第111章
FREE STATES, like all others, may possess dependencies, acquired either by conquest or by colonisation; and our own is the greatest instance of the kind in modern history. It is a most important question how such dependencies ought to be governed.
It is unnecessary to discuss the case of small posts, like Gibraltar, Aden, or Heligoland, which are held only as naval or military positions. The military or naval object is in this case paramount, and the inhabitants cannot, consistently with it, be admitted to the government of the place; though they ought to be allowed all liberties and privileges compatible with that restriction, including the free management of municipal affairs; and as a compensation for being locally sacrificed to the convenience of the governing State, should be admitted to equal rights with its native subjects in all other parts of the empire.

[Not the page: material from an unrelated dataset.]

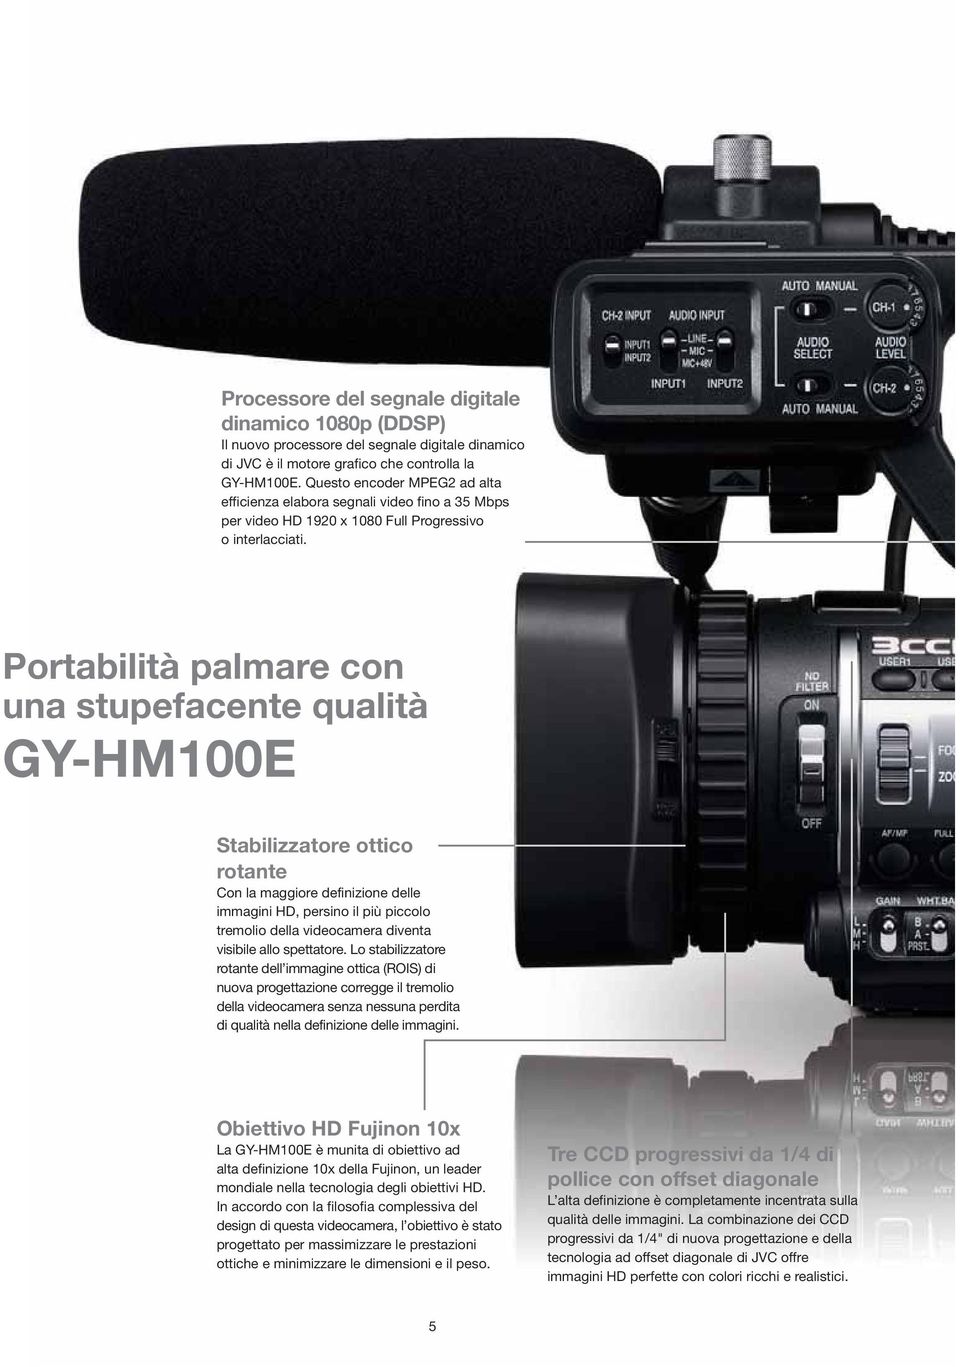 Portabilità palmare con una stupefacente qualità GY-HM100E Stabilizzatore ottico rotante Con la maggiore definizione delle immagini HD, persino il più piccolo tremolio della videocamera diventa

Outlying territories of some size and population, which are held as dependencies, that is, which are subject, more or less, to acts of sovereign power on the part of the paramount country, without being equally represented (if represented at all) in its legislature, may be divided into two classes. Some are composed of people of similar civilisation to the ruling country, capable of, and ripe for, representative government: such as the British possessions in America and Australia. Others, like India, are still at a great distance from that state.
In the case of dependencies of the former class, this country has at length realised, in rare completeness, the true principle of government. England has always felt under a certain degree of obligation to bestow on such of her outlying populations as were of her own blood and language, and on some who were not, representative institutions formed in imitation of her own: but until the present generation, she has been on the same bad level with other countries as to the amount of self-government which she allowed them to exercise through the representative institutions that she conceded to them. She claimed to be the supreme arbiter even of their purely internal concerns, according to her own, not their, ideas of how those concerns could be best regulated. This practice was a natural corollary from the vicious theory of colonial policy- once common to all Europe, and not yet completely relinquished by any other people- which regarded colonies as valuable by affording markets for our commodities, that could be kept entirely to ourselves: a privilege we valued so highly that we thought it worth purchasing by allowing to the colonies the same monopoly of our market for their own productions which we claimed for our commodities in theirs. This notable plan for enriching them and ourselves, by making each pay enormous sums to the other, dropping the greatest part by the way, has been for some time abandoned. But the bad habit of meddling in the internal government of the colonies did not at once terminate when we relinquished the idea of making any profit by it. We continued to torment them, not for any benefit to ourselves, but for that of a section or faction among the colonists: and this persistence in domineering cost us a Canadian rebellion before we had the happy thought of giving it up. England was like an ill-brought-up elder brother, who persists in tyrannising over the younger ones from mere habit, till one of them, by a spirited resistance, though with unequal strength, gives him notice to desist. We were wise enough not to require a second warning. A new era in the colonial policy of nations began with Lord Durham's Report; the imperishable memorial of that nobleman's courage, patriotism, and enlightened liberality, and of the intellect and practical sagacity of its joint authors, Mr. Wakefield and the lamented Charles Buller.*
* I am speaking here of the adoption of this improved policy, not, of course, of its original suggestion. The honour of having been its earliest champion belongs unquestionably to Mr. Roebuck.